Until 1829, the Venda leader was the khosi Munzhedzi Mpofu. After his death, a power struggle ensued between his two sons, Ramavhoya and Ramabulana. Ramavhoya succeeded his father as khosi of the Dzanani Venda, but tension remained between the brothers. When Trichardt arrived in 1836, the Venda factions vacated territory occupied by Trichardt's trek party. Ramabulana secured an alliance with Trichardt and the Mashaba Basotho, near the modern-day border with Zimbabwe and Limpopo. The strong alliance helped Ramabulana dethrone and execute his brother, and rule over the Dzanani Venda until 1864.

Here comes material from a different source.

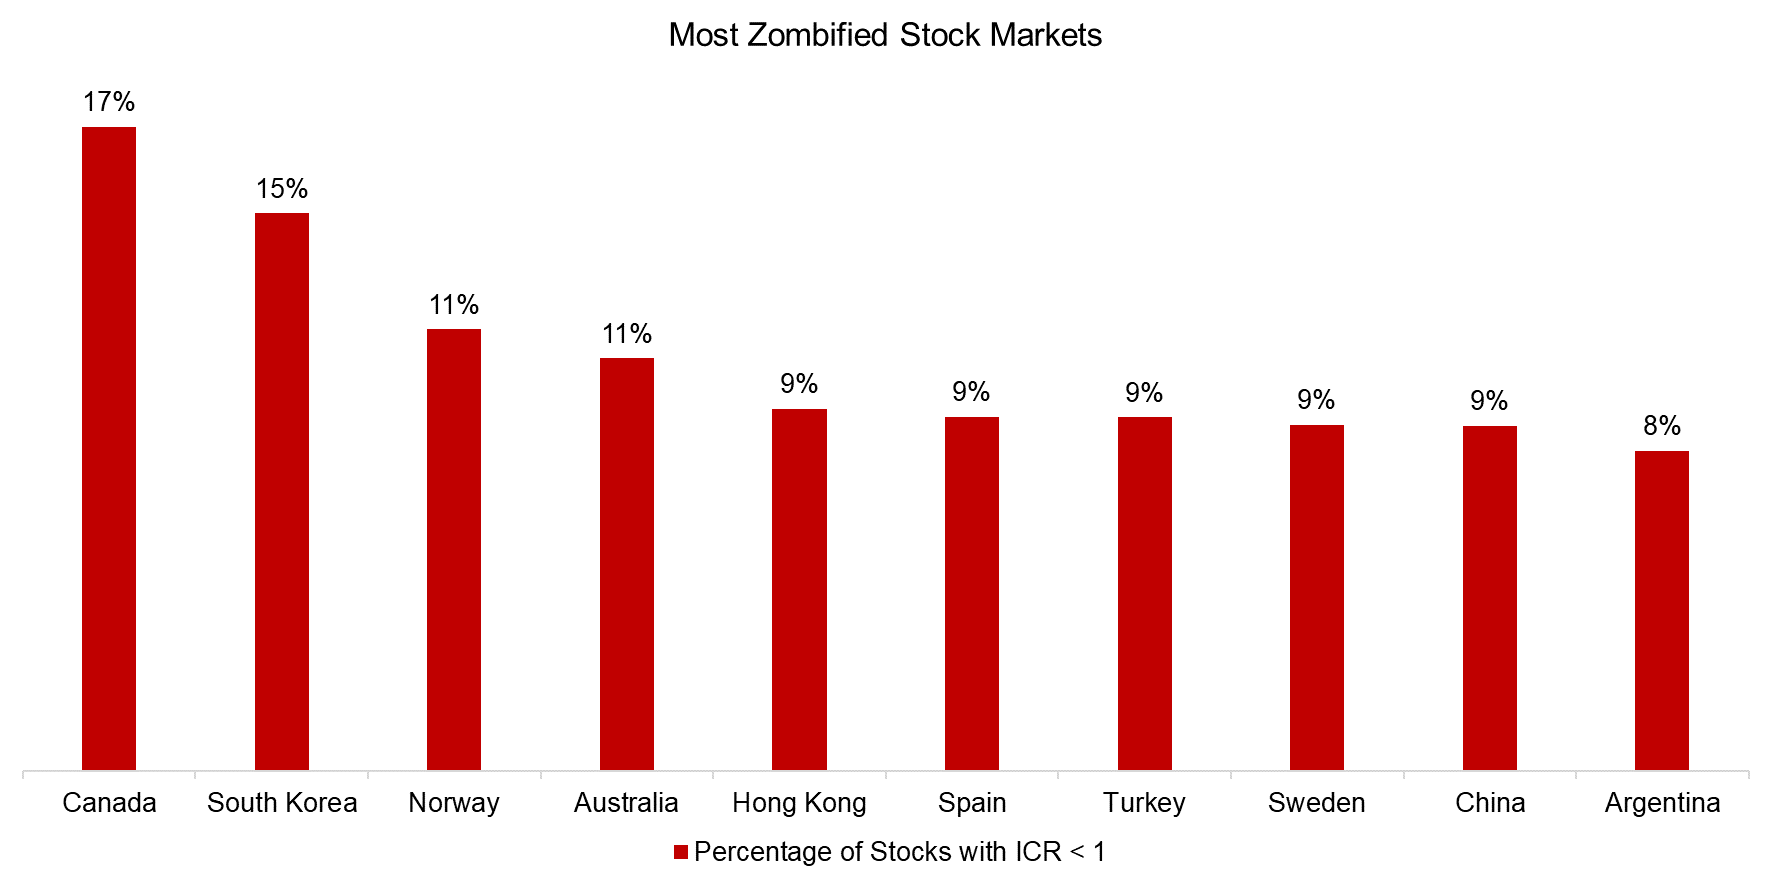 Most Zombified Stock Markets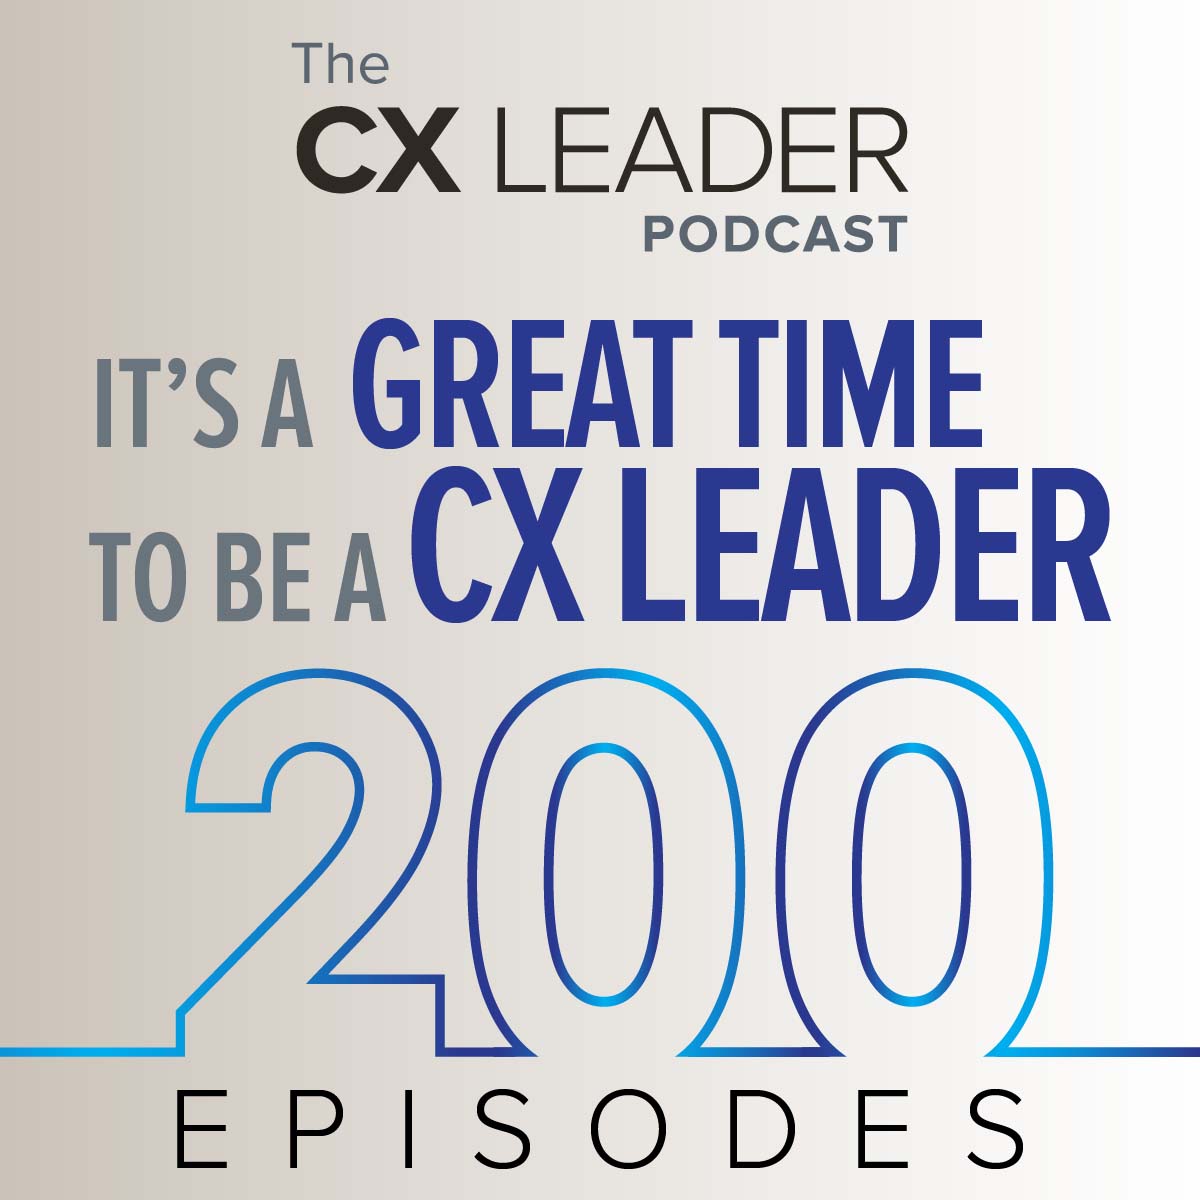 It's a Great Time to be a CX Leader

An analysis of the diary shows how the early settler colonial pursuits of the Dutch settlers influenced land distribution, and Indigenous power structures in the Soutpansberg region for the remainder of the nineteenth century. It seeks to answer the question: was the Mfecane the single consequence of the choices of Shaka Zulu? It will show that the Mfecane happened in a more interconnected context with the settler colonial pursuits of the Boers in the South African interior.
Paper short abstract:
Through their long migrations from South Africa, a group of Ngoni warriors settled in Burundi in the 1880s with a new identity, known as the Bagina clan. However, their settlement in Burundi posed problems for their integration in the Burundi society based on Hutu and Tutsi dichotomy.
Paper long abstract:
Historical research on Burundi (Mworoha 1987, Chrétien 1993) has shown that the Kingdom of Burundi in the 19th century was involved in many wars. Among these, Mworoha (1987 : 239-240) accounts for raids of the Ngoni in Eastern Burundi (ca. 1880-1890). He goes on saying that the political-military Zulu revolution initiated by Shaka at the beginning of the 19th century reached the shores of Lake Tanganyika. A group of Ngoni settled in the south-west of Lake Victoria, from where they launched raids on Burundi in the 1880s. Buyogoma (Eastern province of Burundi) suffered from the attacks of these terrible Ngoni warriors whom the Barundi people called the Babwibwi, which means "Barbarians".
A small group these Ngoni warriors settled in Eastern Burundi, and from these a new social group emerged, the Bagina clan. They were soon integrated among the Barundi people. Chrétien (1994) maintains that the Bagina were enrolled by local chiefs in eastern Burundi because they were appreciated for their knowledge in war tactics, magics, and healing powers.
This study seeks to show how Ngoni migrations from the Mfecane process affected the Barundi people who lived in the Great Lakes region, thousands of miles away from South-Africa. It examines the challenges of settlement of a group of Ngoni in the Burundi society, inventing a new identity, i.e. the Bagina clan. The study addresses also the problem of integration of the newcomers in the Barundi society, especially with respect to the Hutu / Tutsi dichotomy which was unknown to them.